Ante el Paok de Salónica, Vieri, el delantero centro más prehistórico del fútbol de finales de los 90, marcó un gol que nadie ha vuelto a emular. Por eso es el gol del siglo. (Vean si quieren la repetición.) Y, por serlo, es más que un gol: es un ejemplo ético y estético para la formación de los jóvenes y para una sociedad que ha mitificado la ciencia, precisamente el saber humano más contrario al mito.
La pelota lleva excesiva velocidad. Vieri la persigue, fiel a su compromiso ético de no dar un balón por perdido. Michopoulos, el guardameta griego del Paok, abandona la portería, en carrera paralela a la línea de fondo y perpendicular a la de Vieri. El punto de intersección es el esférico. En efecto, los dos hombres se cruzan. Michopoulos aún no lo sabe, pero está a punto de colaborar en la creación de un héroe. Los griegos es lo que tienen: nos enseñaron a mitificar, y en eso siguen. Michopoulos mira levemente a la izquierda y calcula que el balón, pase lo que pase, va a salir.
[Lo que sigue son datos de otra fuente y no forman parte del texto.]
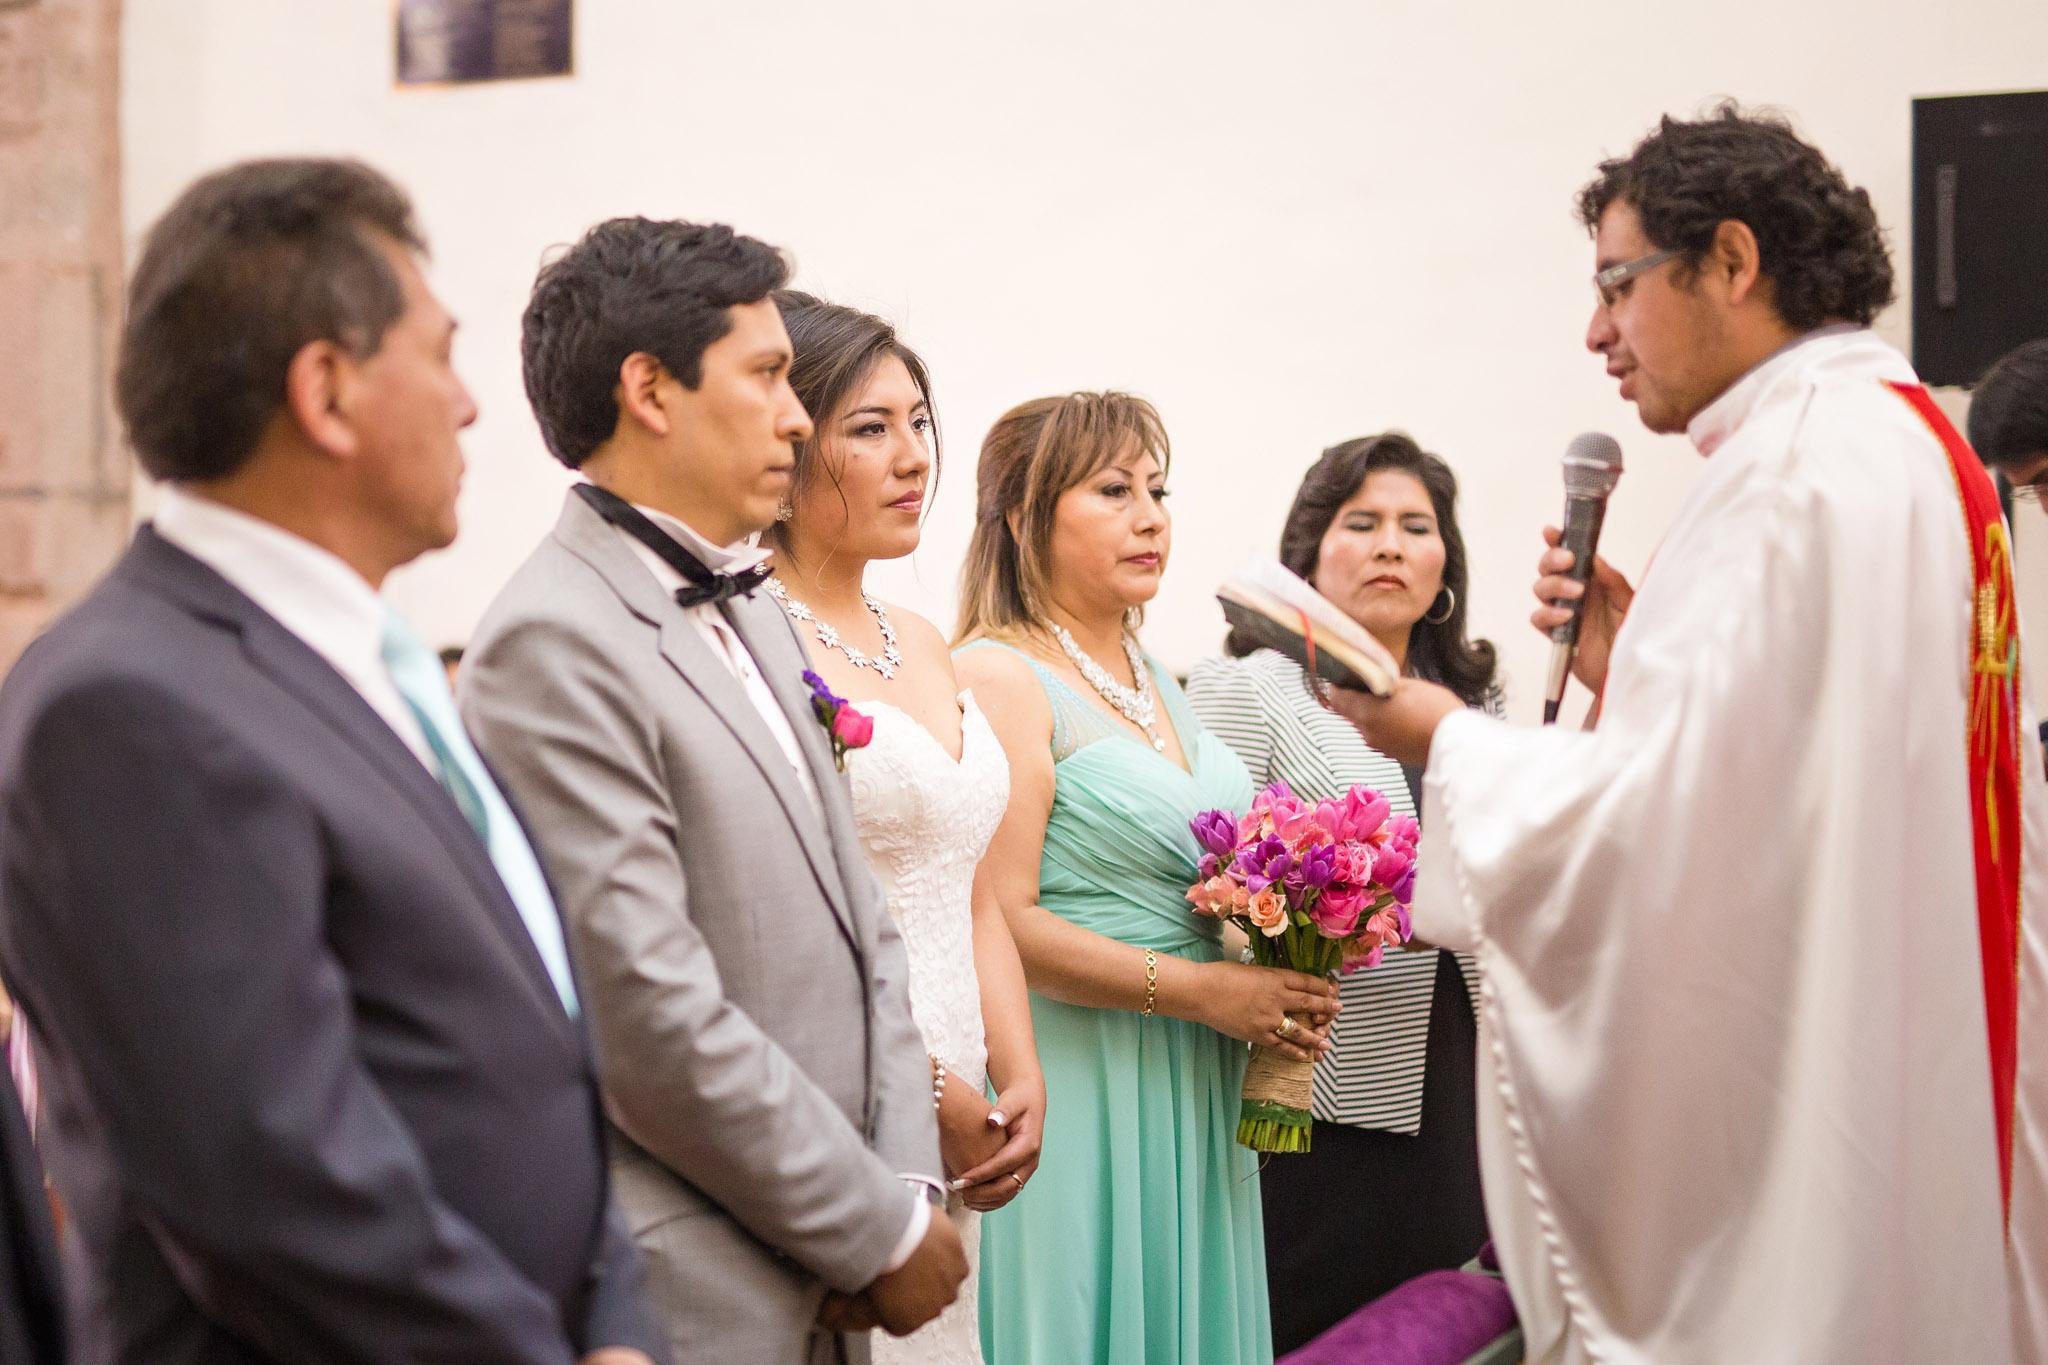 Wedding-Travellers-Destination-Wedding-Peru-Cusco-Hacienda-Sarapampa-Sacred-Valley-church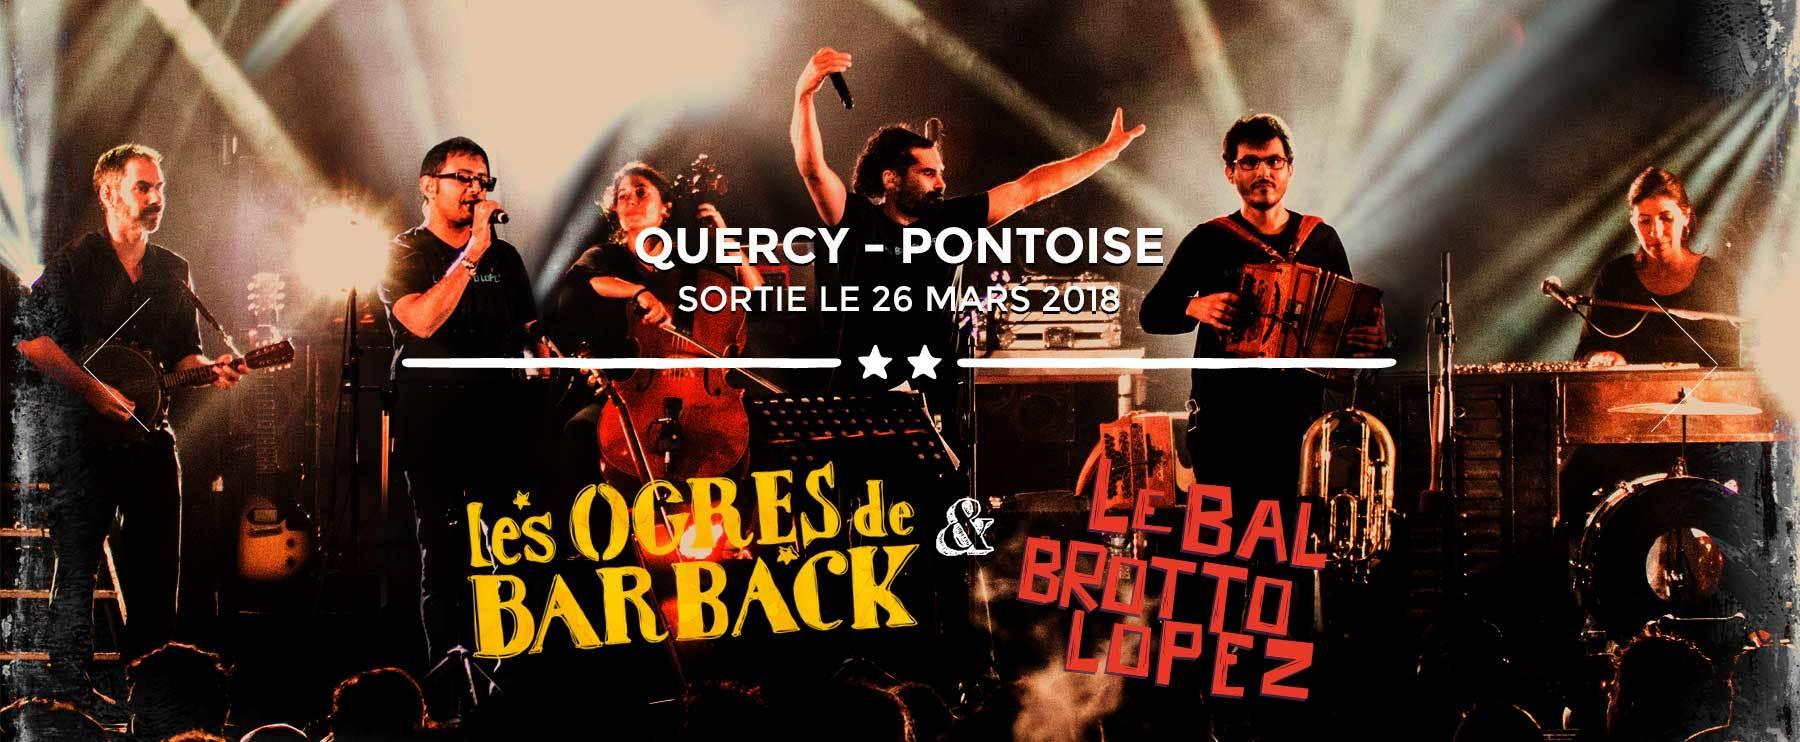 Les Ogres de Barback & Le Bal Brotto Lopez

La matriz de su cálculo incluye no solo las variables de la mucha velocidad y la escasa distancia del balón respecto de la línea de fondo, sino también una invariante del fútbol gris y estratégico: el delantero no se matará por una pobre pelota perdida. Así que hace lo que cualquier portero científico y moderno: juega sin balón. En este caso, salta sobre él, queriendo estorbar la que él estima agonizante carrera de Vieri. Ya está.
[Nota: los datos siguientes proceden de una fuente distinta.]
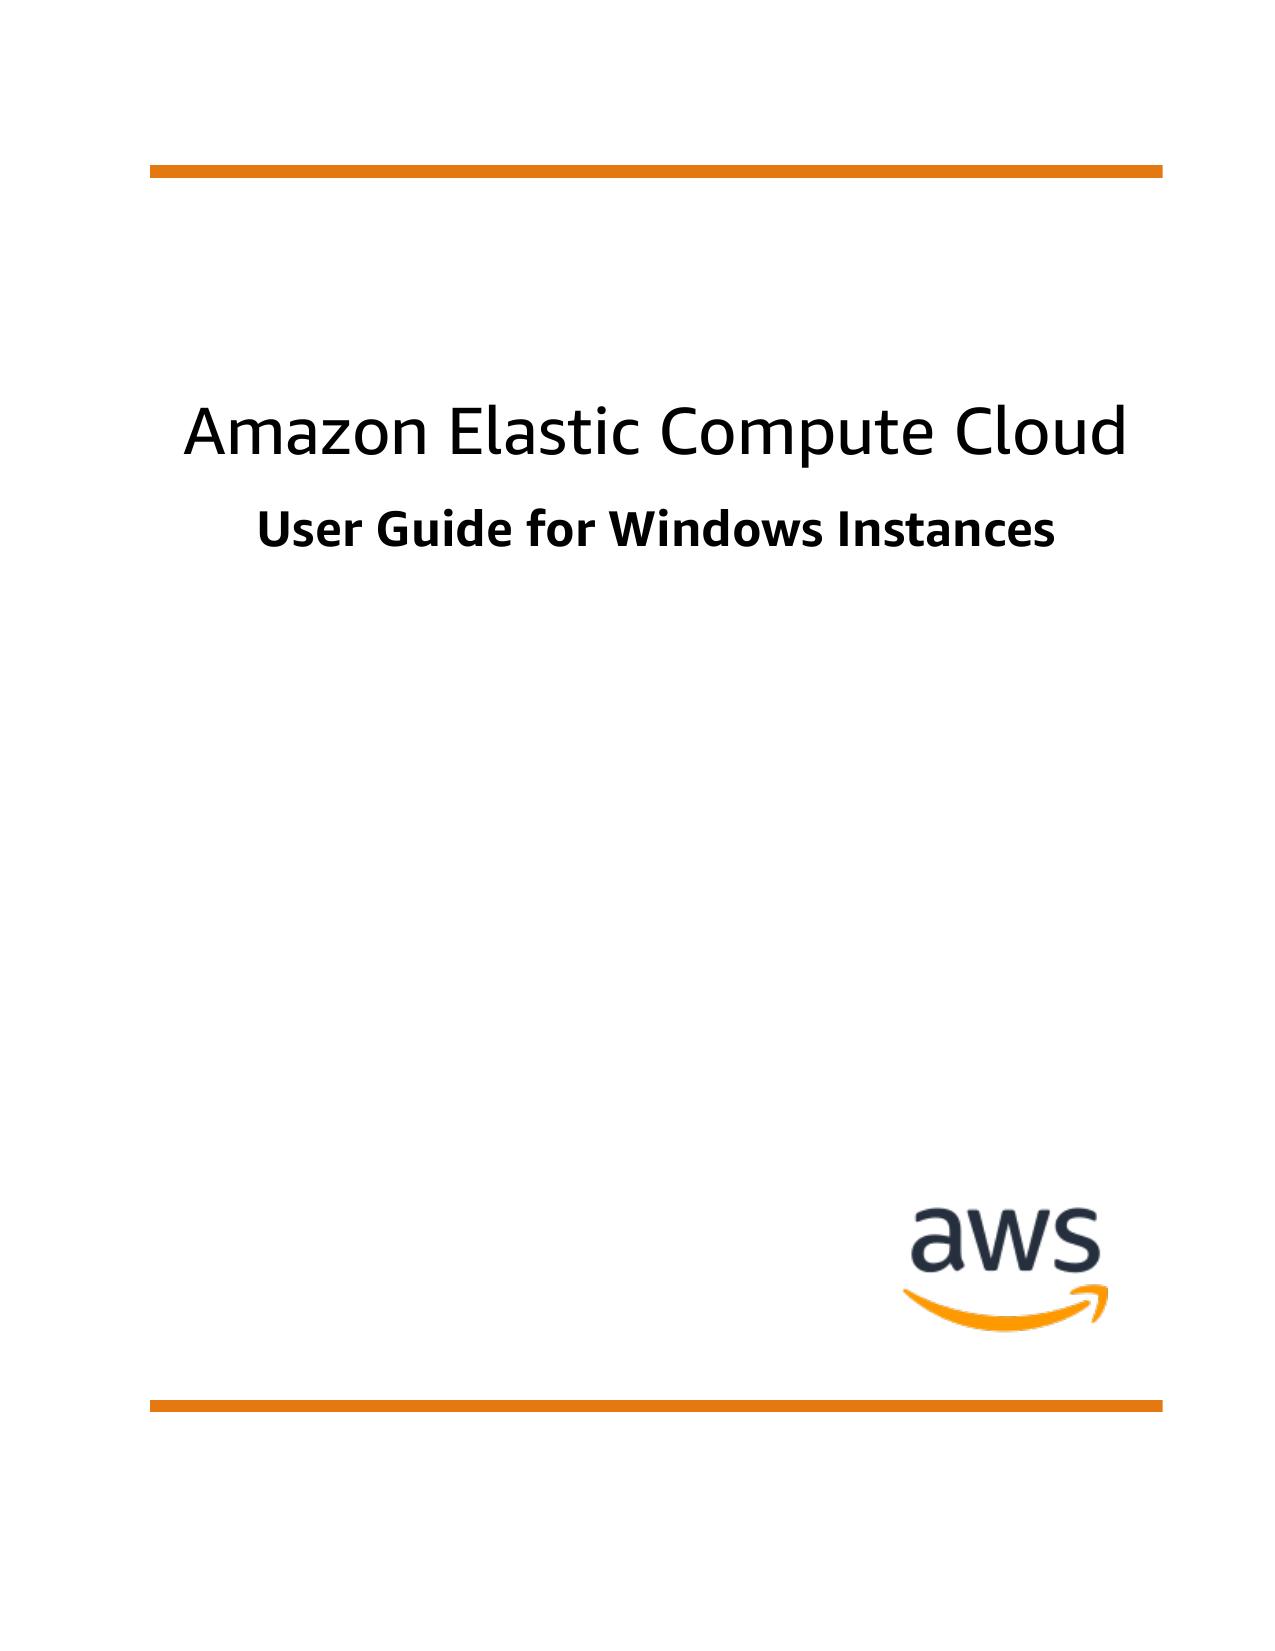 Amazon Elastic Compute Cloud - User Guide for Windows

Pues no. El cálculo ha fallado porque la Física solo puede predecir el destino fatal de una esfera, pero no el grado de compromiso ético de un delantero. La Física y Michopoulos dictaminan que la jugada ha concluido; Vieri se niega a aceptar el designio del hado. Y sigue corriendo. Imprevisiblemente, con el primer toque alcanza el balón, que se humaniza respetando la voluntad del jugador, rindiéndose ante ella y acariciando la cal de la línea. Vieri se revuelve, y de la ética pasa a la estética. Con el segundo y definitivo toque, ordena que la bola trace un arco prodigioso. Ahora sí, Vieri, vencedor de la Física, se alía con la Geometría e inventa un ángulo imposible: los 180 grados que dibuja el esférico van de la línea de fondo al fondo de la portería.
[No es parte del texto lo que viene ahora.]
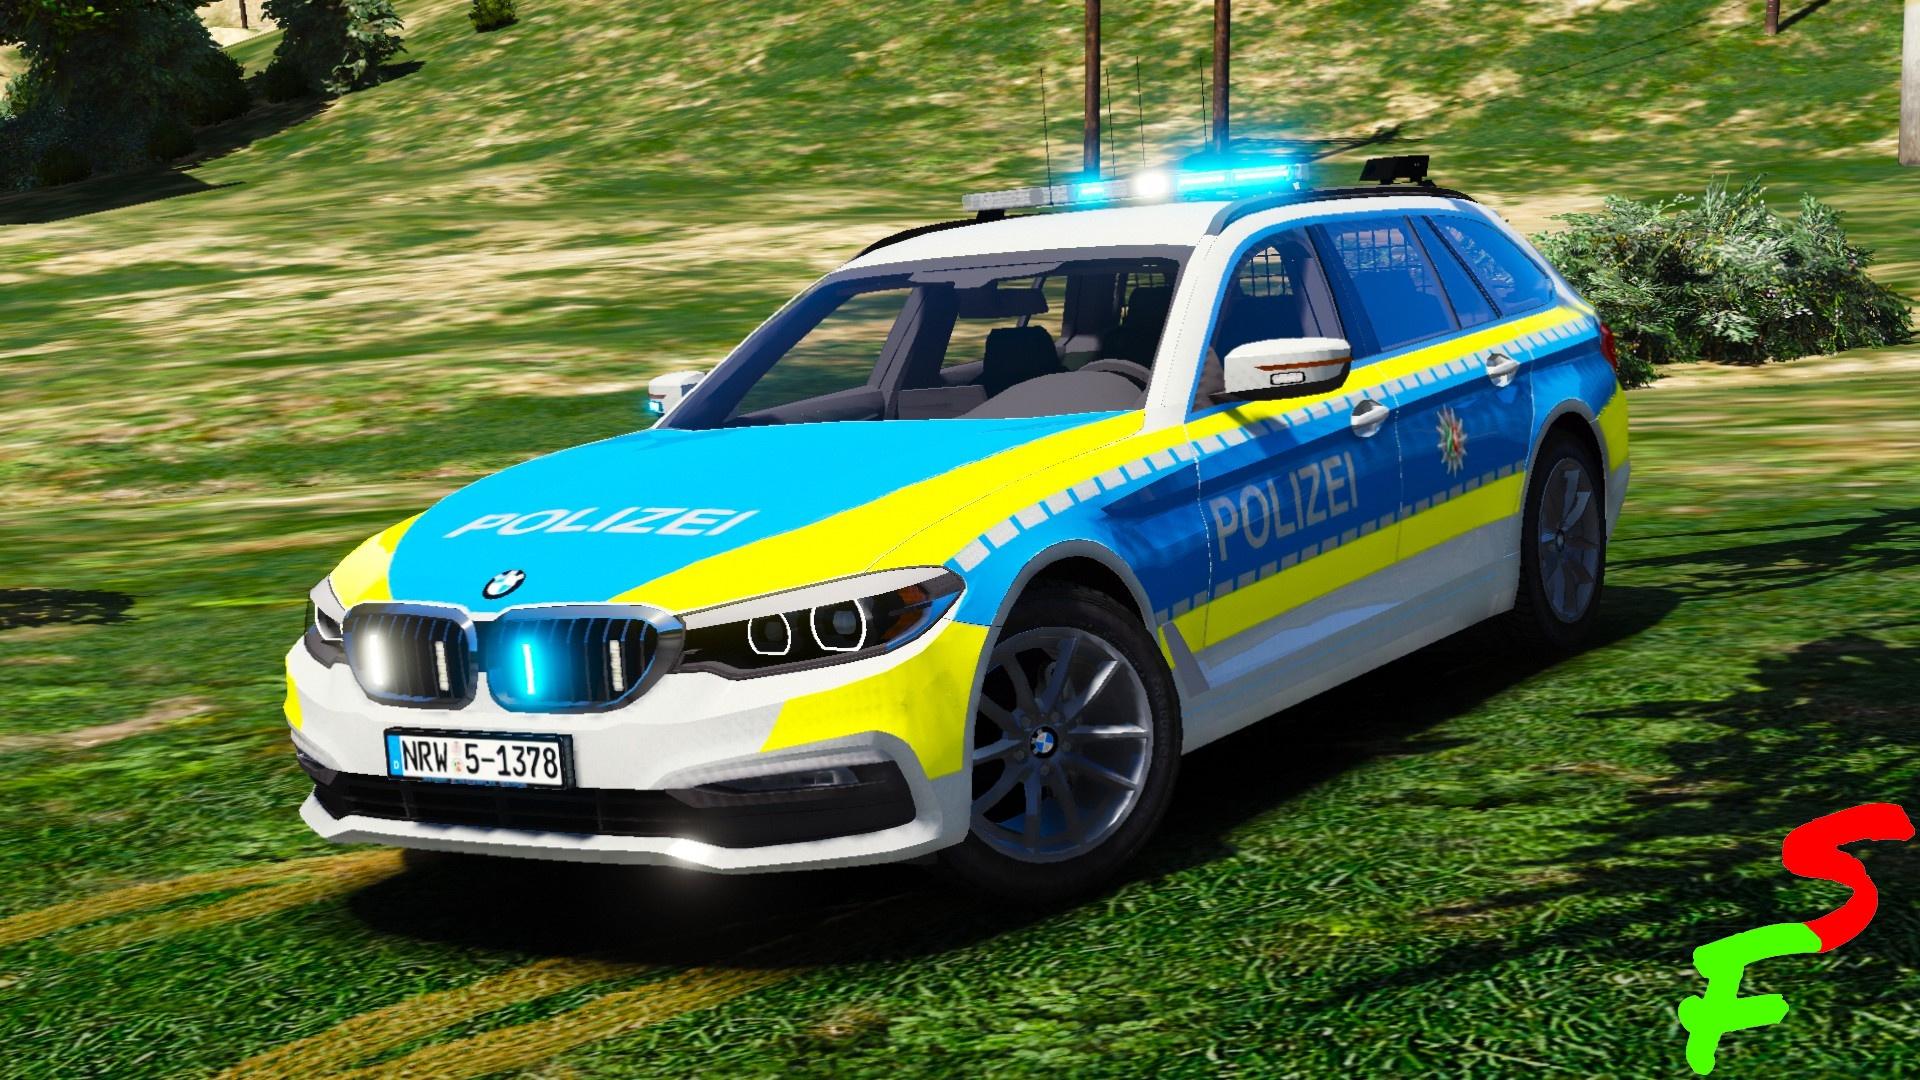 Serie Polizei

La belleza ética, matemática y estética del gol de Vieri sintetizará, cuando el fútbol sea arqueología, la maravilla de un deporte que destruyeron los cursis, los fanáticos y los horteras.
Grazie mille, Christian.
Felicidades a los colchoneros, que también son un mito real del léxico social del español, por los tres goles de ayer. Quedarse con uno, sin saborear cualquiera de los otros dos, es una herejía que la arqueología futbolística no puede permitirse.
ResponderEliminarGracias. Tres cero y sin sufrir. No, si al final nos vamos a acostumbrar.
Eliminarel sublime arte es haber escrito estas líneas! "fuerza y honor" a los atléticos, y enhorabuena al profesor Garrote
ResponderEliminarMuchas gracias, amigo Luis. Ninguna recompensa mayor que tu comentario.